At his change of plea hearing, the court advised Jones of the maximum statutory terms of imprisonment for the charges to which he was pleading guilty. (R. 13-2, Change Plea Tr., at 6.) In response to the court's inquiries, Jones, who was under oath, acknowledged that he understood that the sentencing guidelines, although advisory, would guide the court's sentencing determination. (Id. at 6-7.) Meanwhile, the parties informed the court that they did not agree on the applicable sentencing guidelines. Specifically, based on its preliminary calculations, the government estimated that Jones would qualify for an offense level of 26, and, as a Category I offender, the advisory guideline range would be 63 to 78 months' imprisonment. (Id. at 7-10.) On the other hand, Jones' counsel calculated his client's offense level to be 24 with an advisory guideline range of 51 to 63 months' imprisonment. (Id. at 8-10.) The court then explained to Jones that at the sentencing hearing the court would determine the proper offense level applicable to Jones' guideline range. (Id. at 10.) The court further advised Jones that "if it turns out that we're wrong in terms of the initial calculations and the calculations are either higher or lower than you presently believe them to be, then I am going to have to act on that higher or lower calculation, not the ones that we are talking about right now." (Id.) Jones expressly acknowledged that he understood that the court would make the final decision regarding his sentence. (Id.)

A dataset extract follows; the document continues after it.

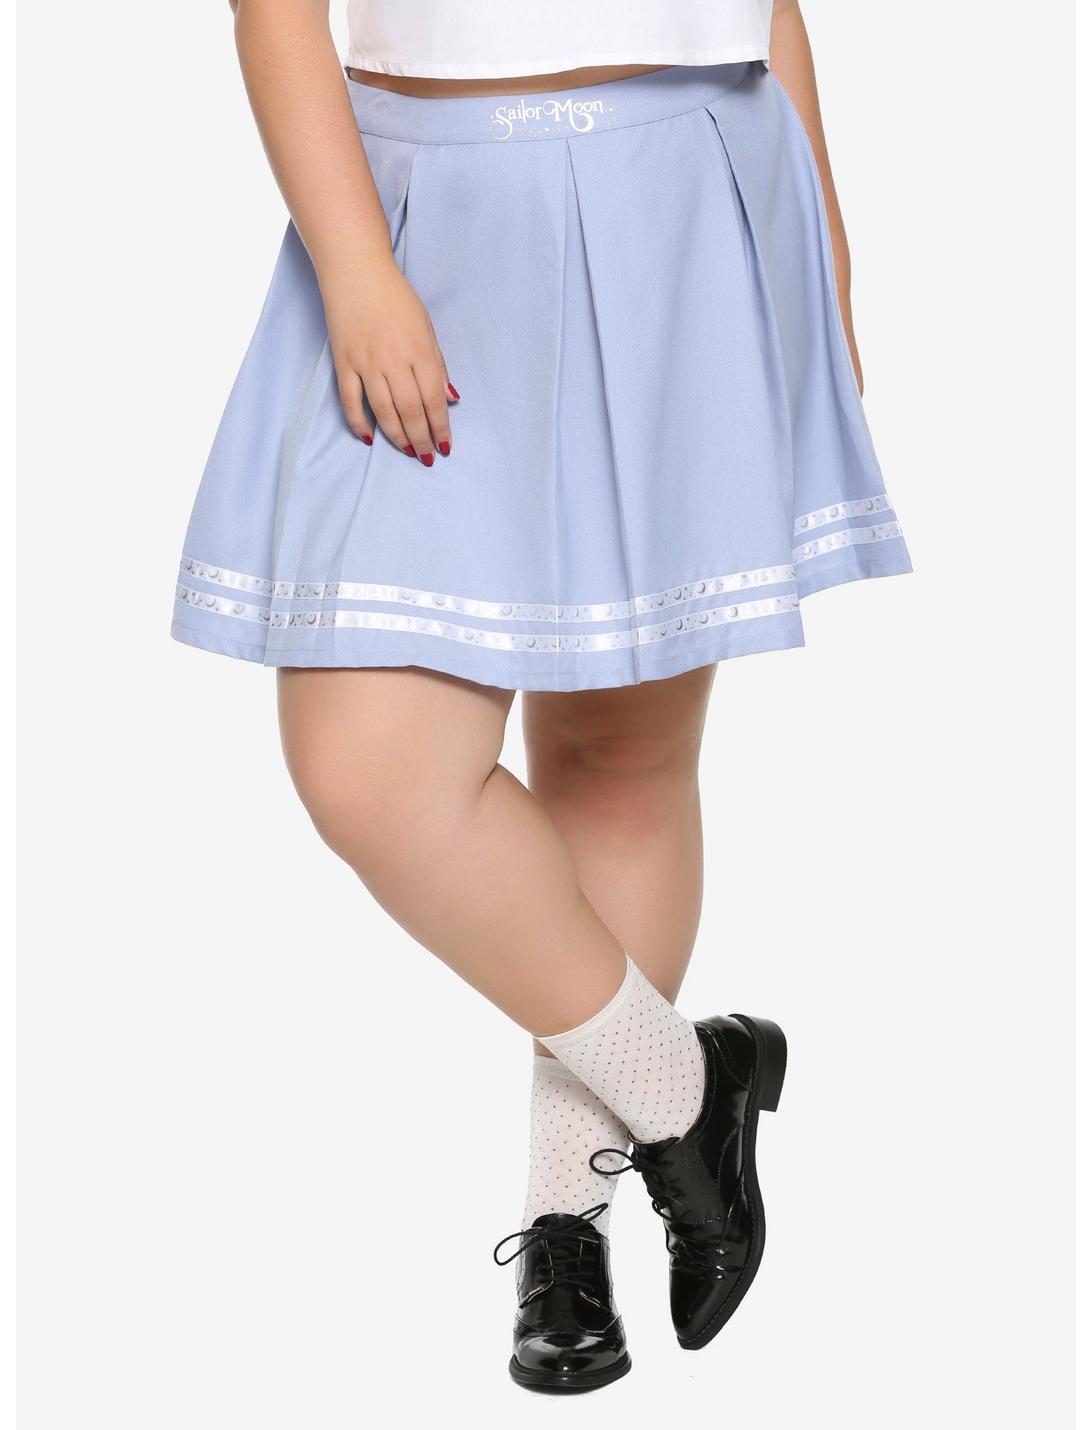 Sailor Moon Blue Uniform Skirt Plus Size Hot Topic Exclusive, NAVY, hi-res

Also at the change of plea hearing and in response to the court's additional inquiries, Jones stated that he was voluntarily pleading guilty and that his decision to plead guilty was not the result of any threat or promise. (Id. at 15.) The court then accepted Jones' guilty plea. (Id. at 20.)

Prior to Jones' sentencing hearing, the probation office filed a Presentence Investigation Report ("PSR") calculating Jones' offense level as 19 and a criminal history category of I, with a corresponding advisory guideline range of 30 to 37 months' imprisonment. Jones' counsel then filed a sentencing memorandum in which he contested the probation officer's calculations and further advocated that the court, guided by Title 18, United States Code, Section 3553(a), impose a sentence of probation. (05 CR 1018, R. 54-1, Sent. Mem., at 2-4.)

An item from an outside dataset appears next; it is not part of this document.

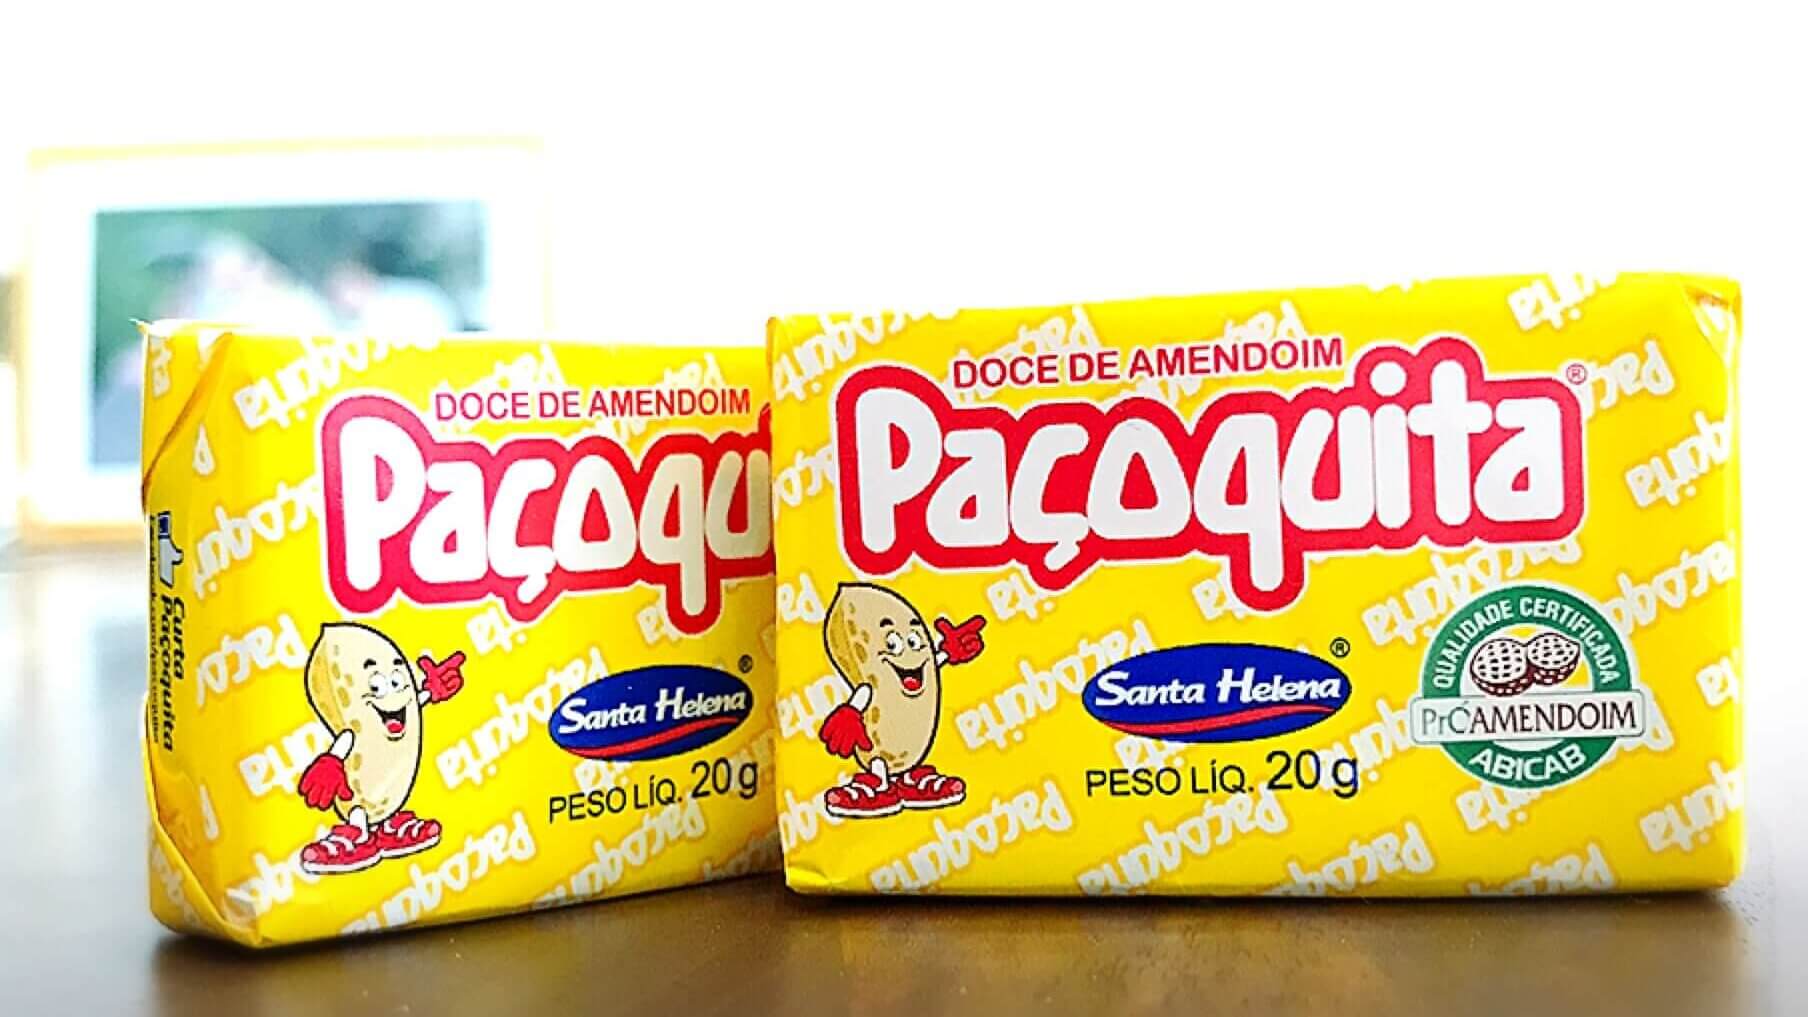  ブラジルのピーナツ菓子「パソキッタPaçoquita」

At Jones' sentencing hearing on March 6, 2008, his trial counsel asked the court to impose a sentence below the advisory guideline range, namely, probation. (R. 13-3, Sent Tr. at 17.) Specifically, defense counsel argued that his client acted as a mere middleman, was repentant for his conduct, and that Jones had the potential to better himself. (Id. at 17-20.) During his allocution to the court, Jones apologized for his conduct and explained that he would lose business and educational opportunities if he were incarcerated. (Id. at 21-23.)

The court imposed a sentence at low end of the applicable guideline range -- 30 months' imprisonment. (Id. at 26.) The court explained:

Mr. Jones, you obviously are in some respects very bright, and in some respects, to use your phrase, dumb and young. Given the history of this kind of a case, people who get involved in frauds, at some point they have to go one way or the other, and they either get out of it and say: I'm not going to play those games anymore. I'm going to play it straight and play by the rules. Or they're stuck with it for life, and they just end up spending more and more of their time in prison one fraud after another.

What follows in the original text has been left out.